Parallel Port Adapter Designs

Last Update: February 2, 2003


The Hardware

The parallel port isn't quite the ideal vehicle for talking Control-A1, Control-A1 II, Control-S or any other protocol designed for consumer audio and video electronics. That being said the linux parallel port driver available for download on this site requires a small hardware adapter to work it's magic.

This driver does an end run around the hardware and as a result only works on relatively fast machines. The slowest platform we have seen operate with a reasonable error rate was an Intel 486 DX/33 ( the 3.0 driver may perform better, but due to the logistical unpleasantness of getting a 2.4.x kernel on a 486, no effort has been made to test the theory ). On the 486/DX33 about 90-95% of the data came through good. The driving factor seems to be the core bus speed. A 25 MHz bus is too slow, a 33 MHz seems ok, and a 50 or faster works quite well.
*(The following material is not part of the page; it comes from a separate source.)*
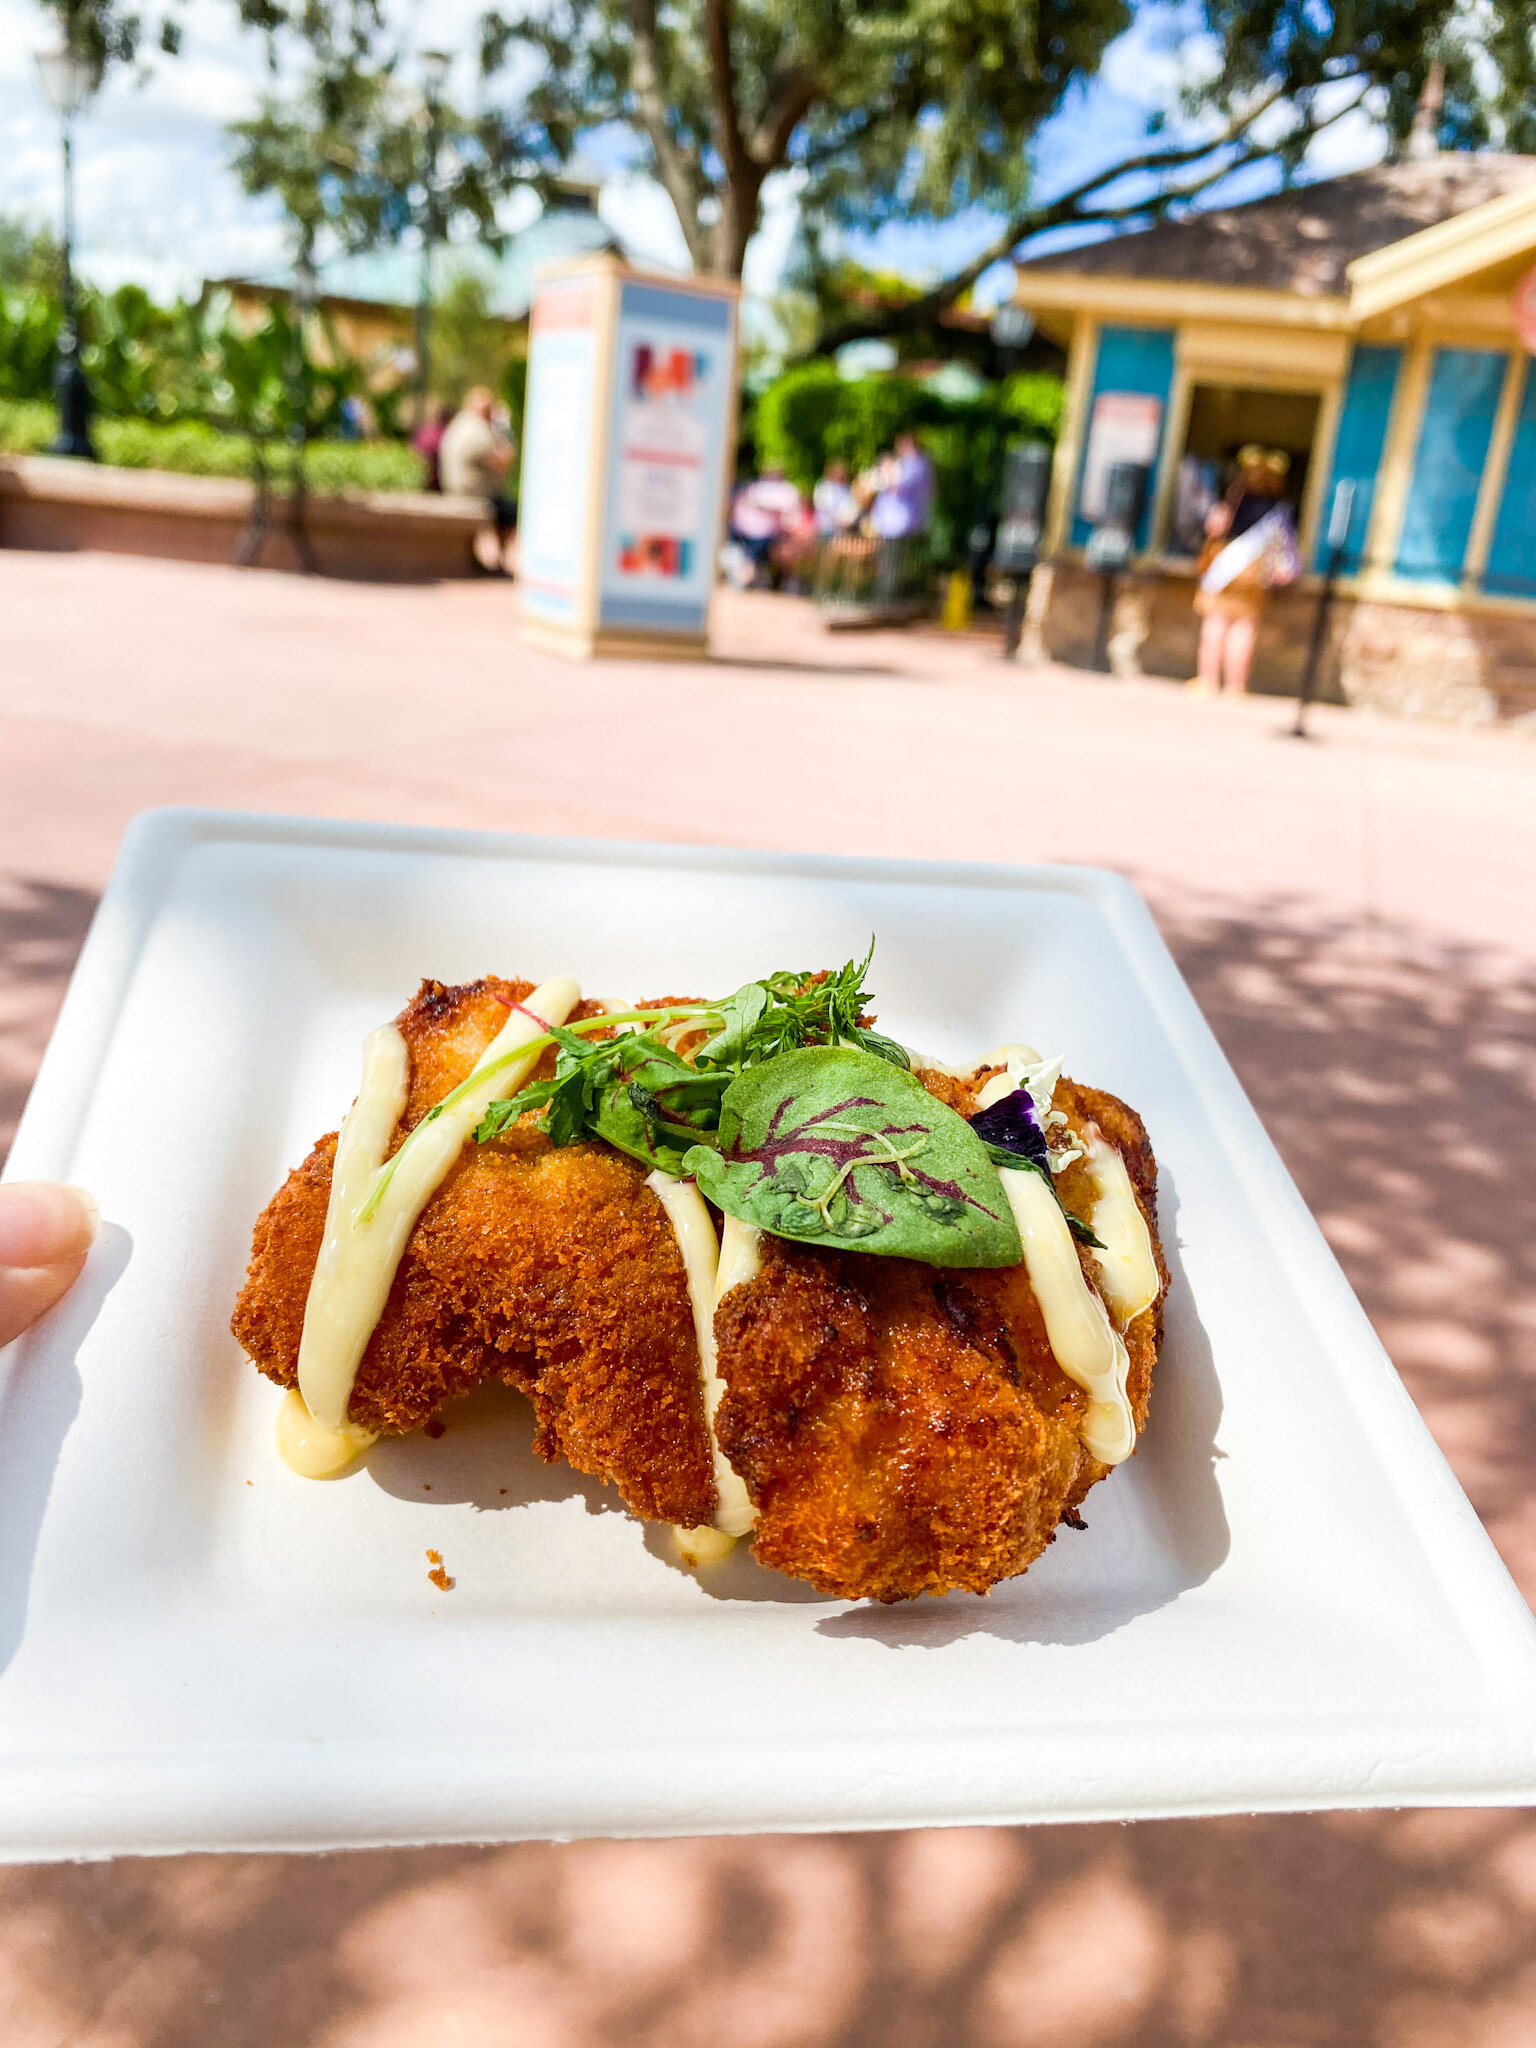 Taryn Into Travel | Epcot Food and Wine Festival 2020 Gluten-Free Epcot Food Allergies Disney World

This of course means virtually all but the earliest of pentium class machines will work flawlessly. For a detailed description of exactly how data is transmitted on the Control-A1/Control-A1 II bus or using Control-S interfaces, visit the encoding page. Currently development is done on an Intel Celeron 500 and the error rate is less than 0.002% ( 1 bit in 2,000,000 missed). With the aid of some error correction this rate can be further reduced in higher level applications.

Starting simple. If all you need is a Control-A1/Control-A1 II (aka slink) interface, this will get you there. The credit for this design goes to another S-Link experimenter named Mike Muise. His wiring diagram is presented below along with some pictures of a finished adapter. You need not concern yourself with matching the parts in the diagram exactly. The box shown for example actually contains a 4.2k resistor and a 2N3904 transistor rather than the parts shown in the diagram. Basicly you need a small signal NPN transistor and a resistor somewhere in the 1-5k ohm range. The parts can be purchased at a local Radio Shack for about $15. After that all you need is limited skill with a soldering iron and a 1/8" mono (Male-Male) audio cable.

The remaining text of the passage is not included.